Граммофон пялит раструб:
Девицы на выданье, бабы-молодки толкутся у россыпей колечек, сережек, бус, там, где фабричные нитки и платки, где разноцветные красноборские пояса, шелковые ленты.
Парни пробуют кирилловские гармоники: которая голосистей, напевней, чтоб у дроли сердце таяло, чтоб у соперников от зависти волосья шишом.
Мужики — у коновязей, подле лошадей, пригнанных на продажу, возле кулей зерна. Не прикупить ли семенного? Мука-крупчатка в мешках — пудовичках. Спрос не беда:
— Чей помол-то?
— Елецкий! Купишь, почтенный, — не покаешься! — готов у приказчика ответ.
Женщины постарше, домовитые болыпухи, около посуды: ею торгуют прямо с возов.
Глиняная: разлевы — под коровье масло, топушки с рыльцем и прямой ручкой — разогревать его. Латки — мясо тушить, штеники — щи в печь ставить. Корчаги — пиво варить, а пощеляют — угля для самовара сыпать.
Богат выбор деревянной посуды. Ставень — кушанье на стол подать, не боись, не остынет; скопкарь, чаша из древесного наплыва в виде птицы-утицы — квас и пиво разливать; хандейка — пиво-квас пить; ручонка — воду в ней держать.
О бересте, лыке и говорить не приходится: груды зобенок, пестерей, туесов, наберух — под гриб-ягоду лесную, груздь бел, кислу клюкву-журавлйку…
Оборот ярмарки выражался суммой в 100 тысяч рублей, по нему сельцо на озерном берегу смело равнялось с уездными городами в общем-то сельской тогда губернии.
Вот это уважение крестьянскому люду, если в Кумзеро с товарами наезжали аж из Казани!
20 марта — Василий.
В устных календарях — северный капельник.
«Прилетели грачи, стали зиму толчи», «Зима убегает темными ночами». Так, может, приспело время потайки поздравстовать?
Приспело, правда, для нас не без оговорки: «С крыш капает, а за нос цапает».
21 марта — Лазарь и Афанасий, известные преимущественно волостям Олонецкой округи, где службами в церквах чествовали преподобных подвижников веры, местночтимых святых.
Утренники за нос цапают, изморозь опушает березы, а полноте тужить: «Придет солнышко и к нашим окошкам!»
22 марта — сороки, весеннее равноденствие, именины жаворонка.
«День с ночью мерится».
«Жаворонок весну благословил…»
Творцы народных календарей не помышляли противопоставлять себя природе.
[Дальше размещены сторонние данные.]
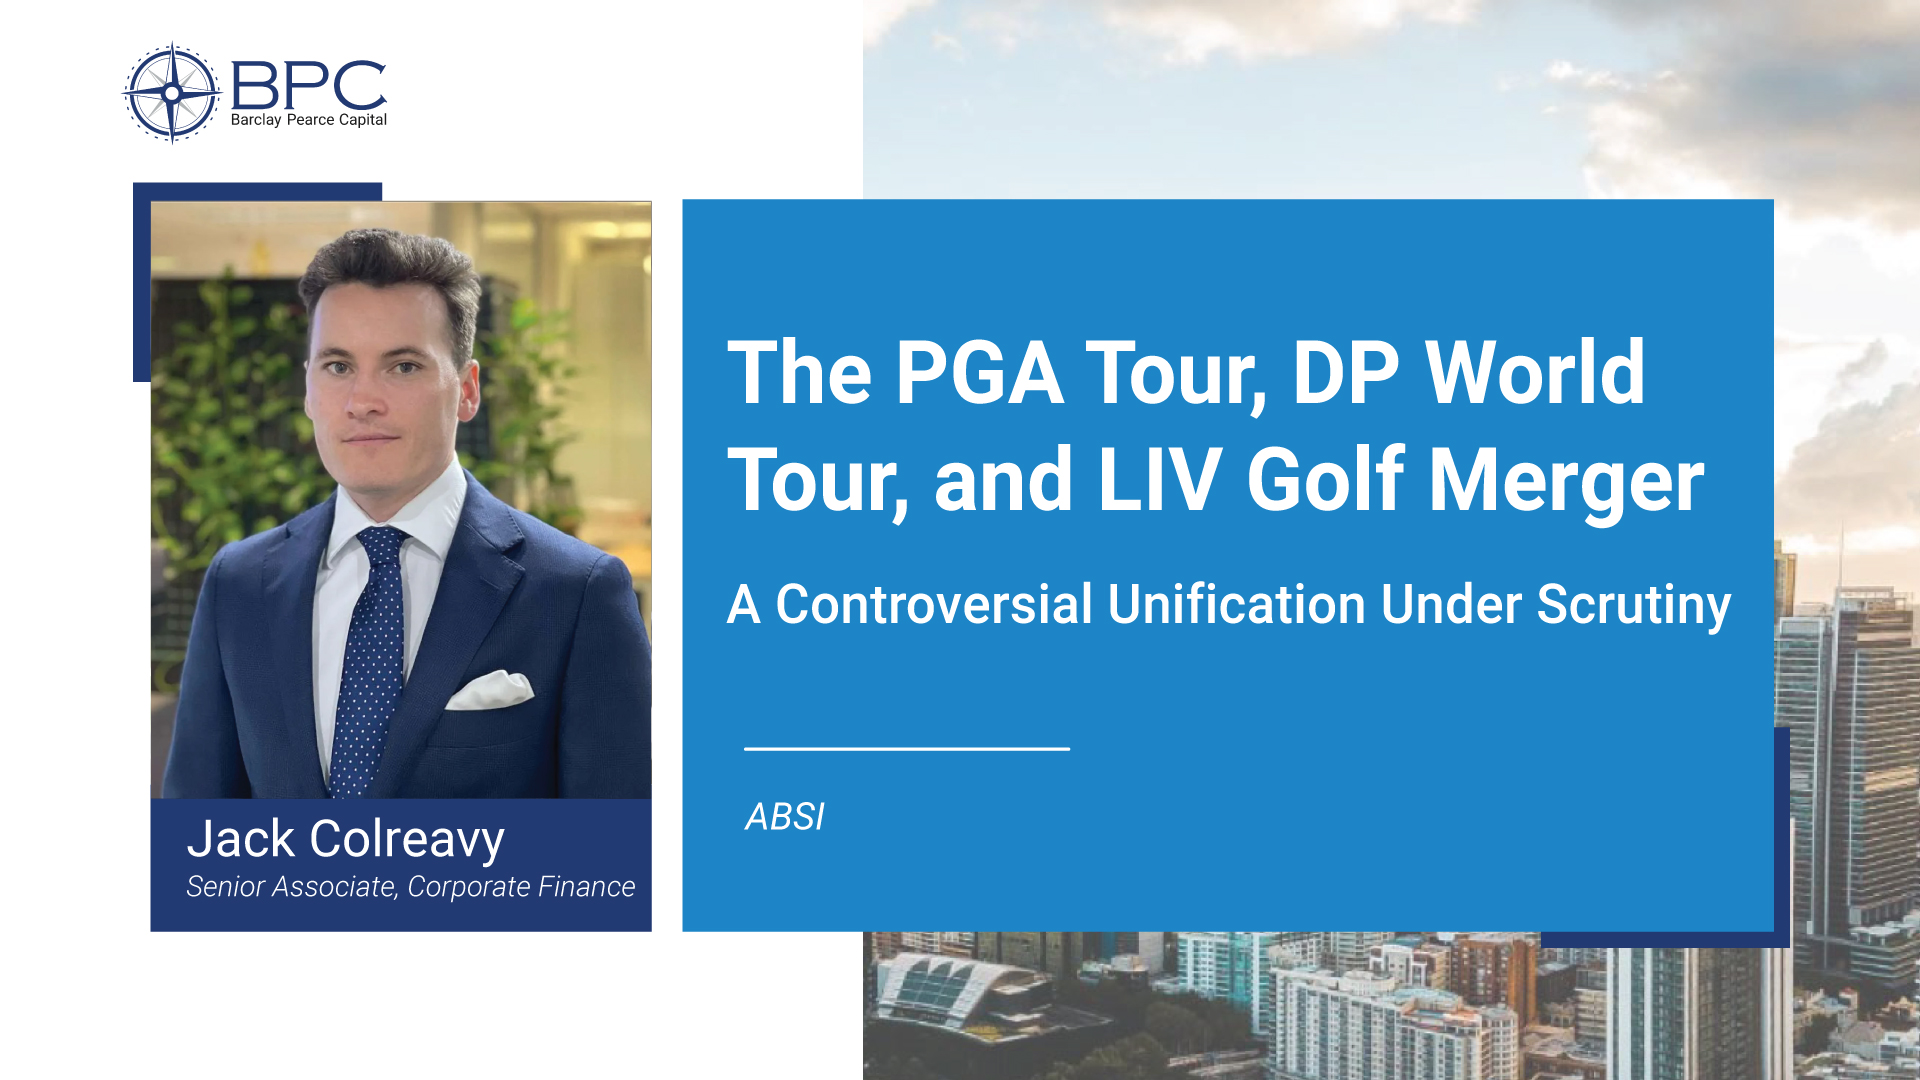 The merger of the PGA Tour, European Tour and LIV Golf unifies

Духовная жизнь, нравственные устои, труд, человек и природа, по их убеждению, суть нерасторжимое целое. Слагались устные численники людьми, на опыте поколений постигшими, как он дается, хлеб насущный, вдобавок на Севере, где приходилось с топором врубаться в тайгу, жечь ее огнем в надежде заполучить клочок угодья — посеять жито, развести огород, накосить стог сена. Посевы губила стужа, хлеб вымокал от дождей, в засуху выгорала трава… Все-таки месяцесловы ничего другого не проповедовали, кроме любви к отчей земле, ее лесам, водам, если песня прилетной птахи, спутника пахаря, заслуживала праздника!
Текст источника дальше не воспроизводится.